Cinema

Modern Love; Mumbai

There is no gainsaying that the new found OTT platforms offer immense scope for several aspiring as well as some established filmmakers to concoct something in the name of a short film. True. Venturing into short films is good; as it is like reading a short story instead of the marathon exercise of reading a voluminous novel. Nevertheless, the knot, the narration and the finale should be proper, logical and interesting, not necessarily to be convincing.

I expected something special from ‘Modern Love: Mumbai’ through its six episodes. But, after watching them I could only realize that today there are opportunities available from a novice to popular to make a technically and visually appealing short film with either absurd or stale content.

Modern Love; Mumbai is a classic example.

The six stories are overtly dealing with love not the usual man-woman romance but with different angles.

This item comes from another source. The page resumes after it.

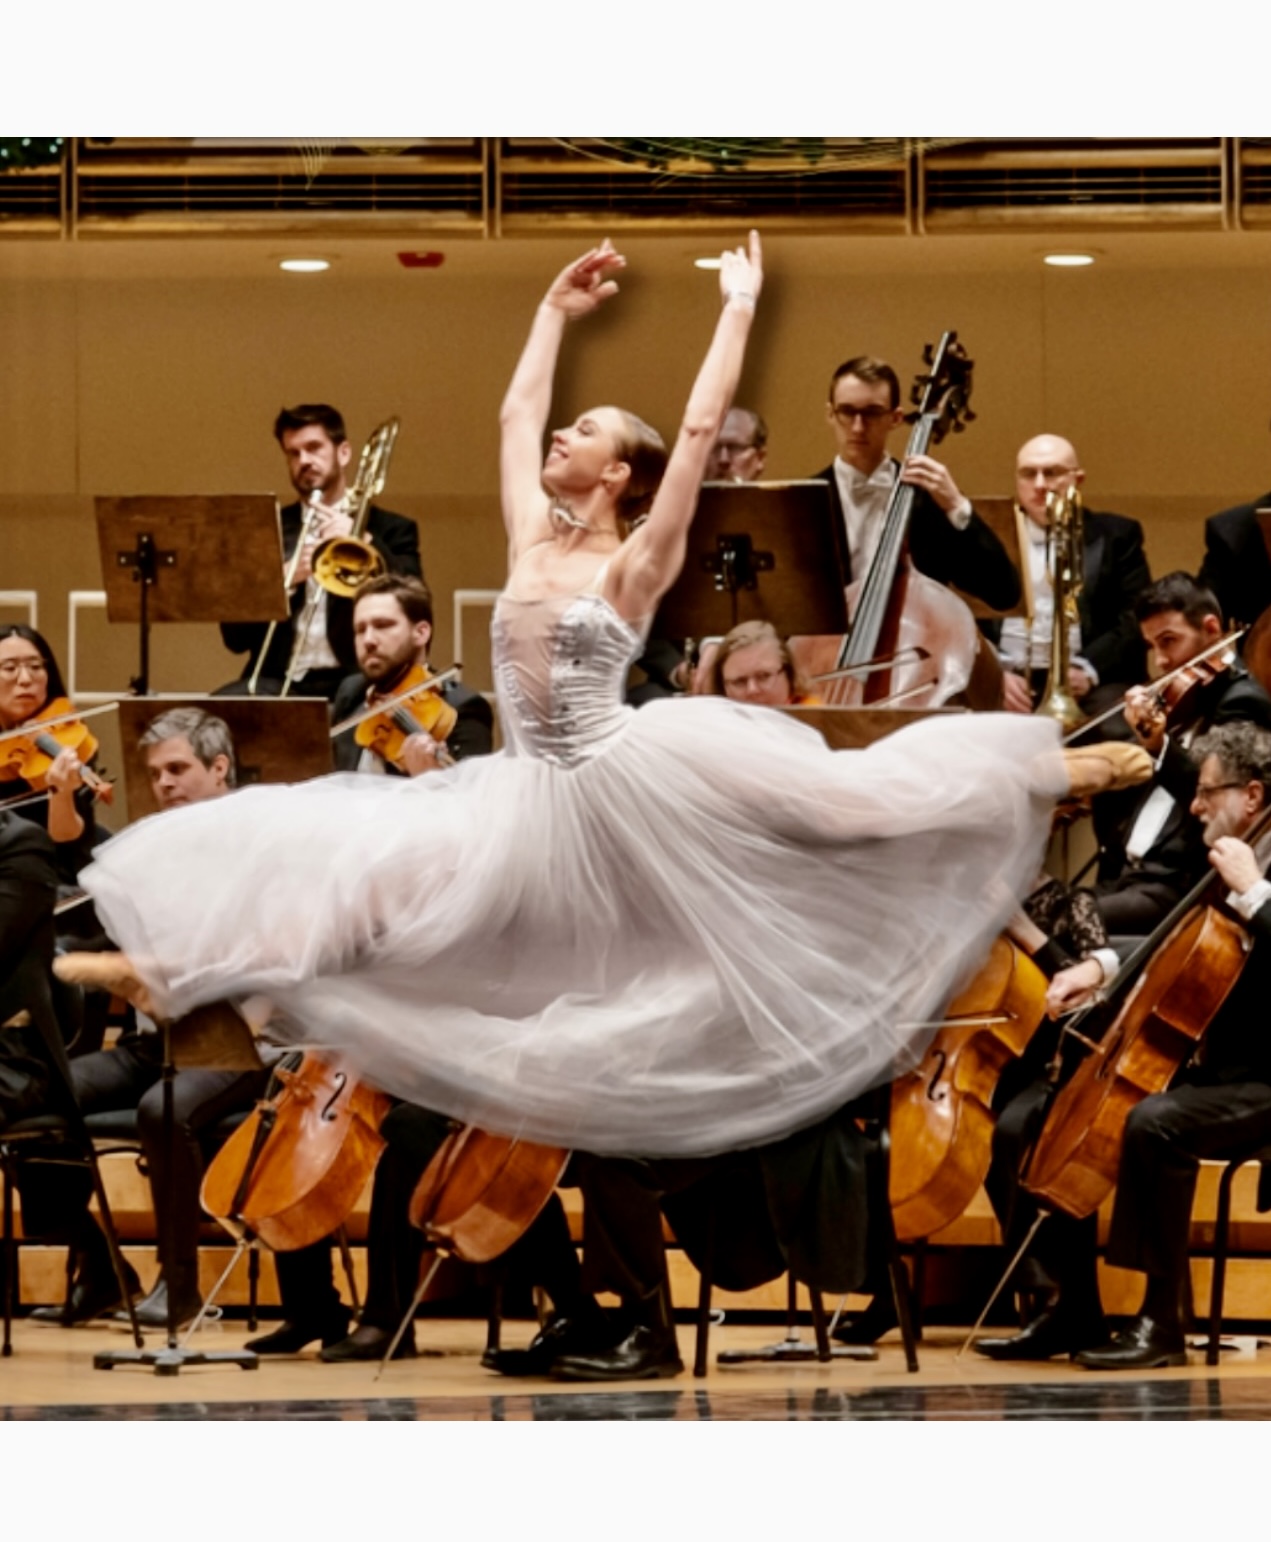 Une danseuse de ballet en robe blanche exécutant avec grâce les mélodies envoûtantes de la musique viennoise, ornée par un orchestre.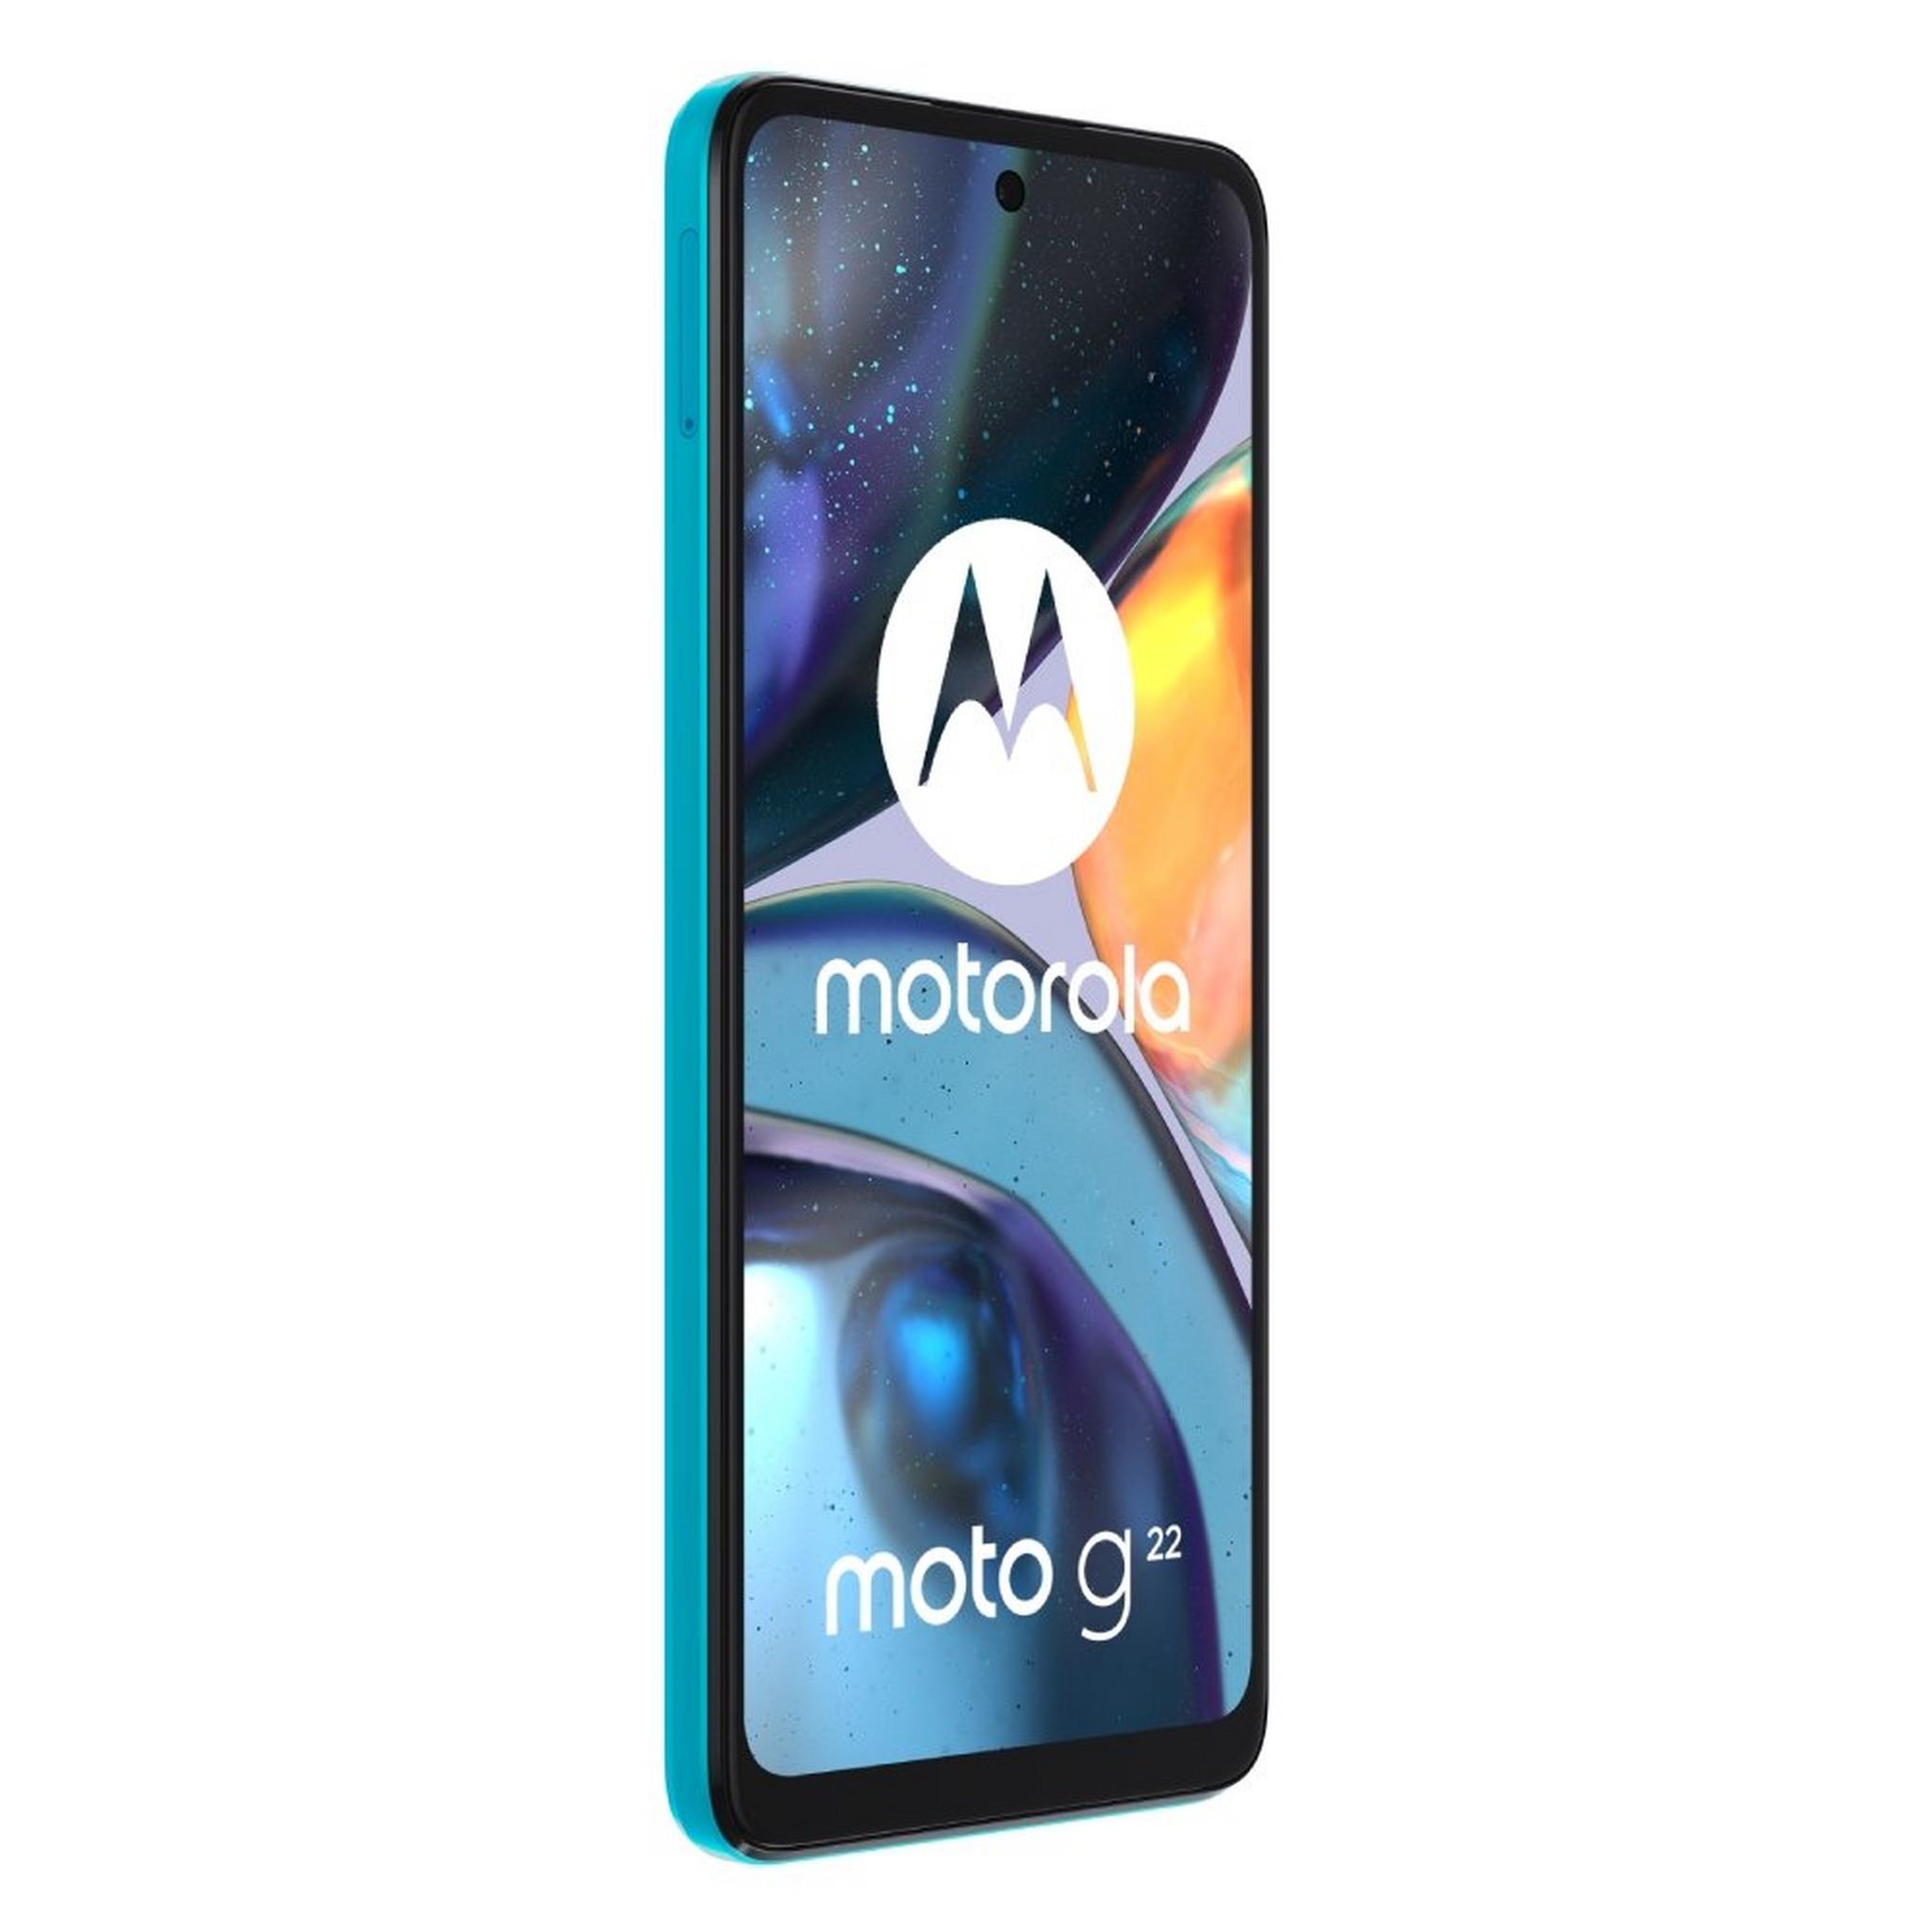 هاتف موتورولا موتو جي ٢٢ بسعة ١٢٨ جيجابايت - أزرق

How does ‘Modern Love’ vary from the ‘old’ and ‘classical’ love? The present day concept of love carries more on selfishness, convenience and acceptance. I mention acceptance because of ‘Baai’ and ‘Mumbai Dragon’ narrate gay love and a Chinese guy loving a Hindu Vegetarian girl. The others revolve on a Kashmiri girl’s self assurance from a ruthless mercenary (Raat Rani), a young man’s fetish for an old lady which makes her willingness to live on fantasies (My Beautiful Wrinkles), a snooty lady landscape consultant from Mumbai after several broken relationships to go for a simple junior bureaucrat who prefers Thane to Mumbai (I Love Thane), mutual adjustment between a busy business man and his aspiring writer wife (Cutting Chai).

I felt in all these stories there is an undercurrent of looking for convenience than the socalled ‘love’.

For me, there is hardly any novelty in the idea or narration. The biggest diversions are the too many passing characters most of whom serve no purpose except occupying scene space for a few minutes which creates exasperation.

This anthology proves that we have performers and technicalities in good measure but the vacuum is only in selecting the right story and writing a taut screenplay. 

The production is by Pritish Nandy for Amazon Prime with New York Times. Big names, indeed.